More specifically, a signal generator 308 is connected to the first terminal 310 of the first reed switch 302. A second reed switch 304 is provided with a first terminal 312 and a second terminal 314. A second terminal 316 of the first reed switch 302 is connected to the second terminal 314 of the second reed switch 304 at node 318. This node 318 becomes the output terminal 326 to the device 306. A second pair of reed switches 320, 322 is employed to receive the stimulus from the device under test, (DUT) 313. Receiver 317 receives the output from the second pair of reed switches 320, 322. The serial nature of the pair of switches enables a circuit to be designed with a number of different test operations to a different number of DUTs which are independently selectable and isolatable. FIG. 8 illustrates a representational schematic of one of the pair of reed relays that carry out the circuit diagram of FIG. 7.

To carry out this circuit, two individual reed switches are connected to a circuit board (not shown) with the appropriate connection 324 comprised of the leads of the switches and the trace on the circuit board therebetween.
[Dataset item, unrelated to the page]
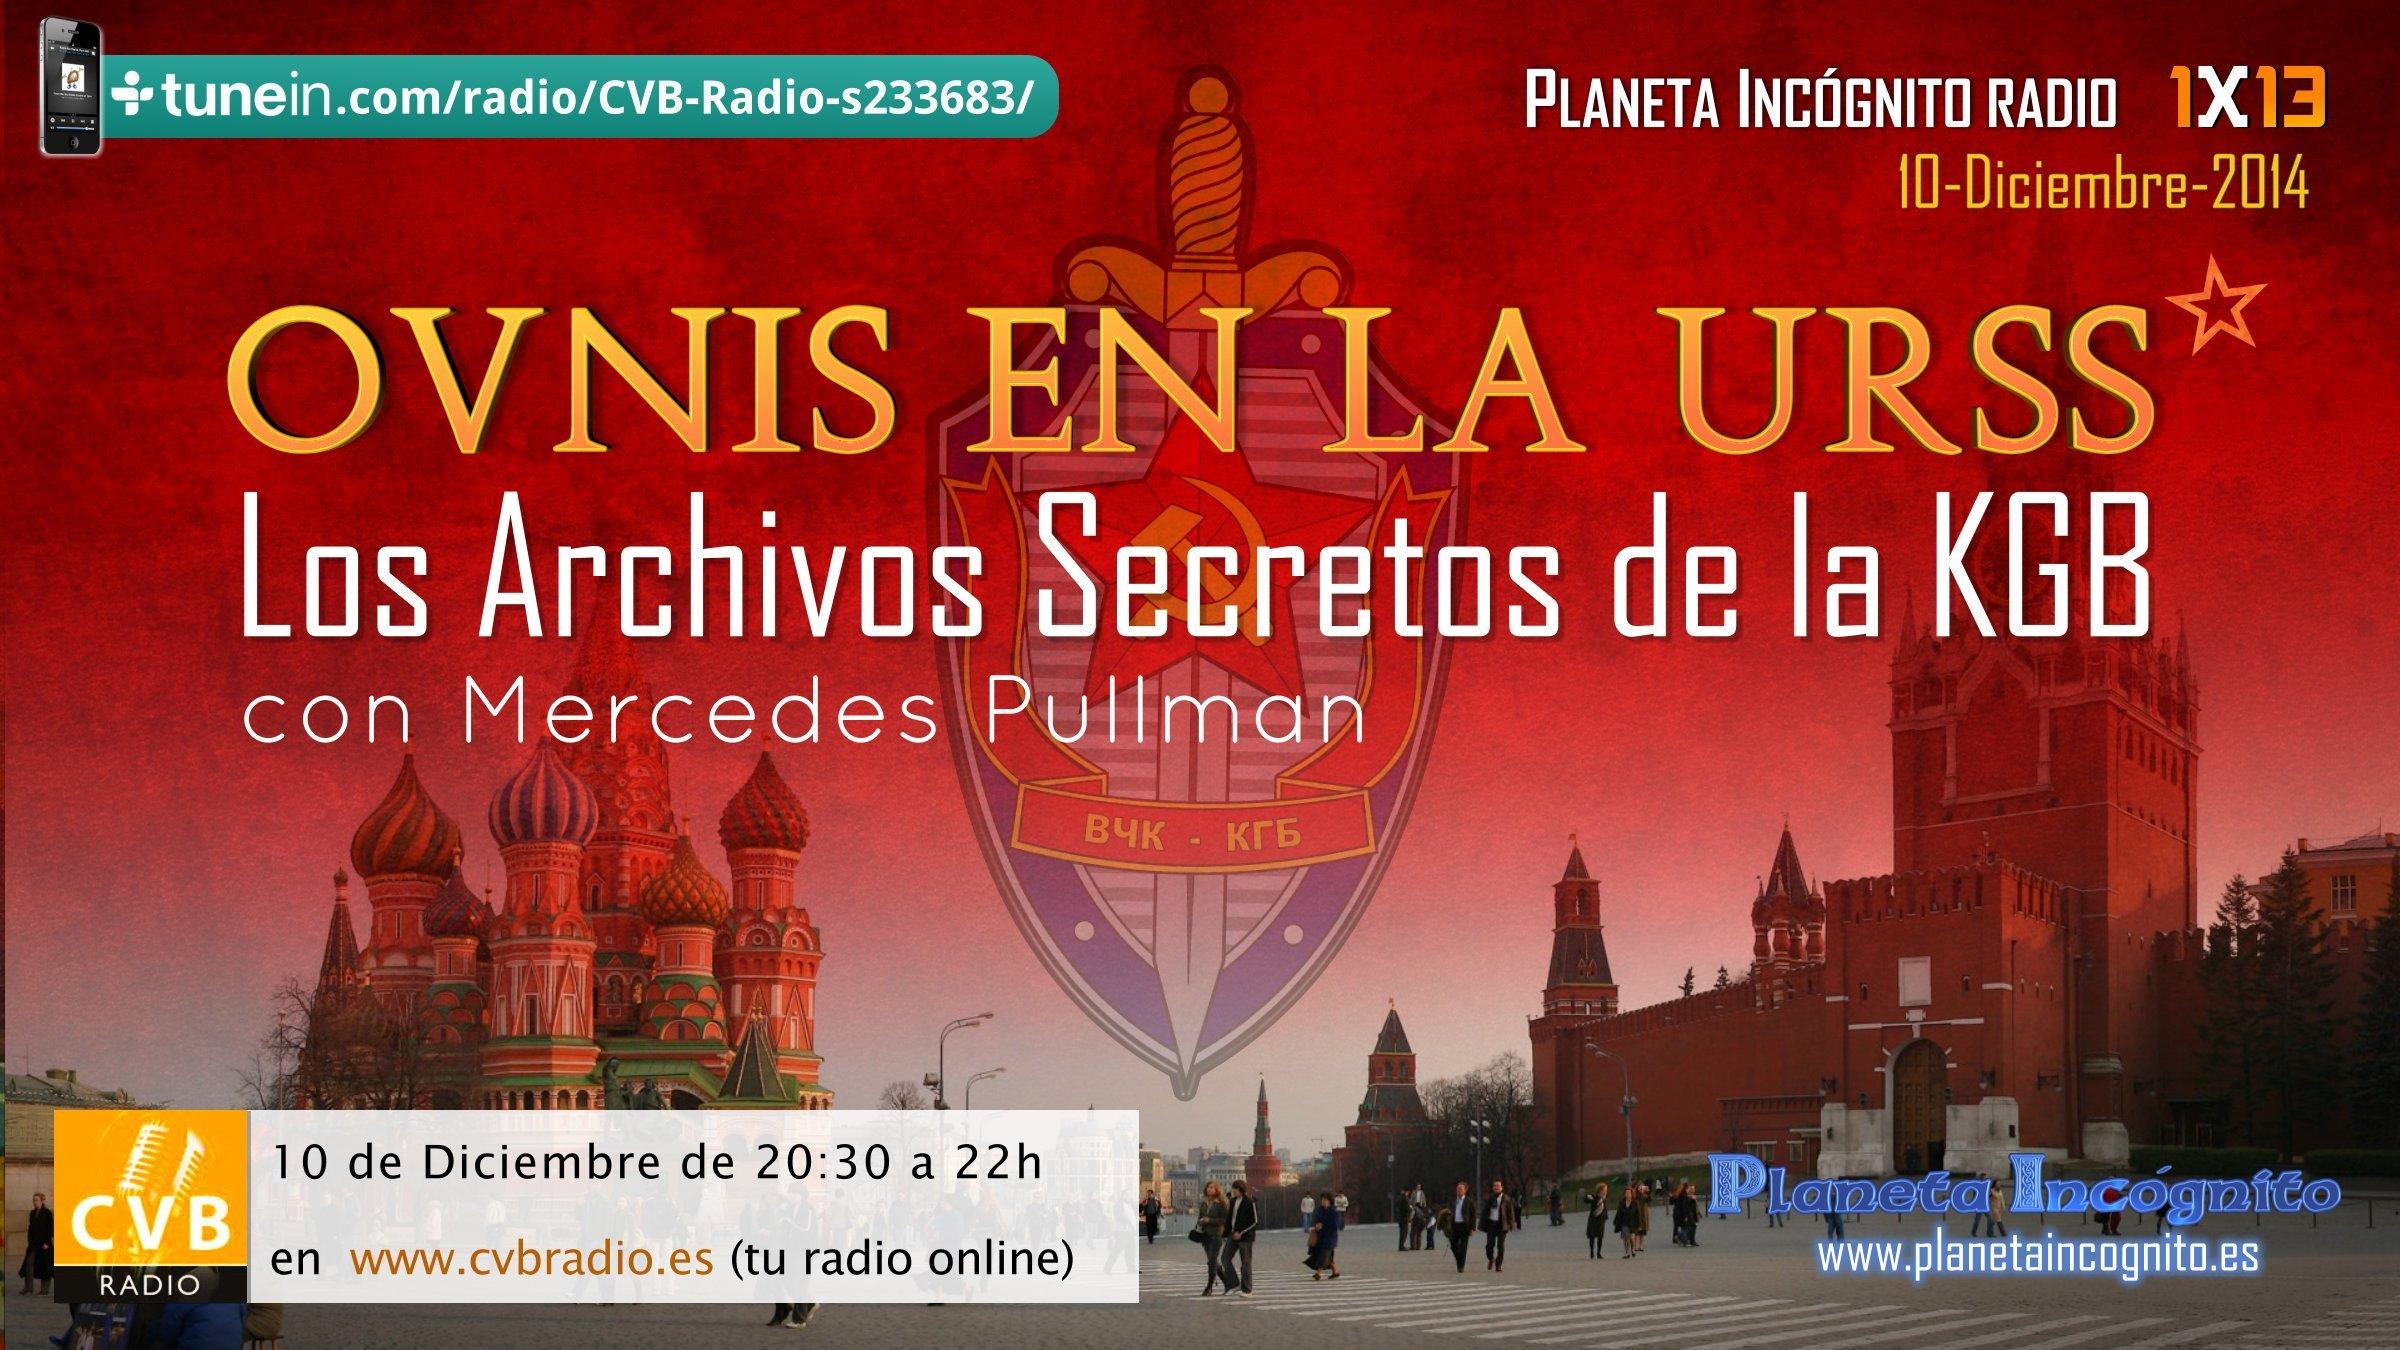 Programa 1x13 Ovnis en la URSS: Los Archivos Secretos de la KGB 2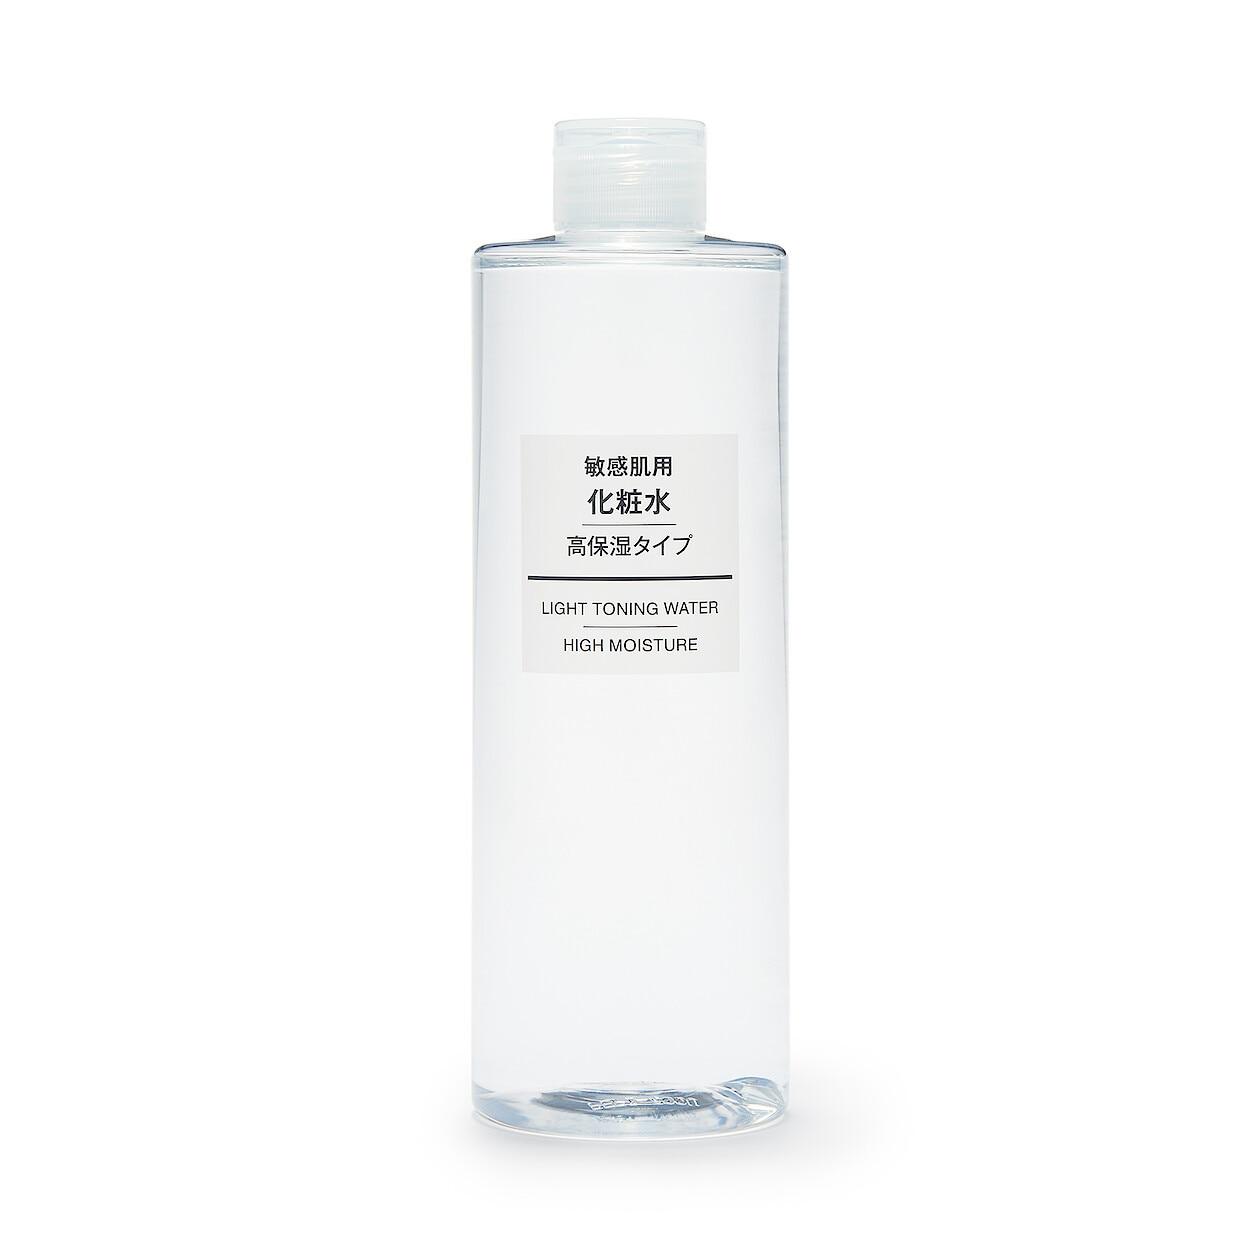 化粧水・敏感肌用・高保湿タイプ(大容量)

This results in a long, unprotected and vulnerable connection between the terminals of the reed switches and the circuit board which is commonly termed a “stub connection.” As a result of this long, unprotected stub connection 324, significant parasitic capacitance C to ground will be present. This is termed a “stub capacitance” and acts to load the high frequency path, thus limiting the frequency of the circuit to a value in the range of about 5.0 GHz, for example. However, to properly test very fast devices under test (DUT), such as high-speed microprocessors, the frequency of the test circuit must reach the 7 GHz range and higher, such as 18 GHz, in the future. Therefore, with a prior art mounting of the reed switches 302, 304 and stub connection 324 on the circuit board, this circuitry 300 is incapable of testing high-speed devices. The protection of a this stub connection is an example of many different ways to employ the present invention.

Another concern in the industry concerns impedance matching of the switch to the circuit into which it is installed. Currently available reed devices are incorporated into a given circuit environment by users. For application at higher frequencies, such as in the 18 GHz range and higher, as is well known in the art, a reed switch is ideally configured to match as closely as possible the desired impedance requirements of the circuit, such as 50 ohms, in which it is installed.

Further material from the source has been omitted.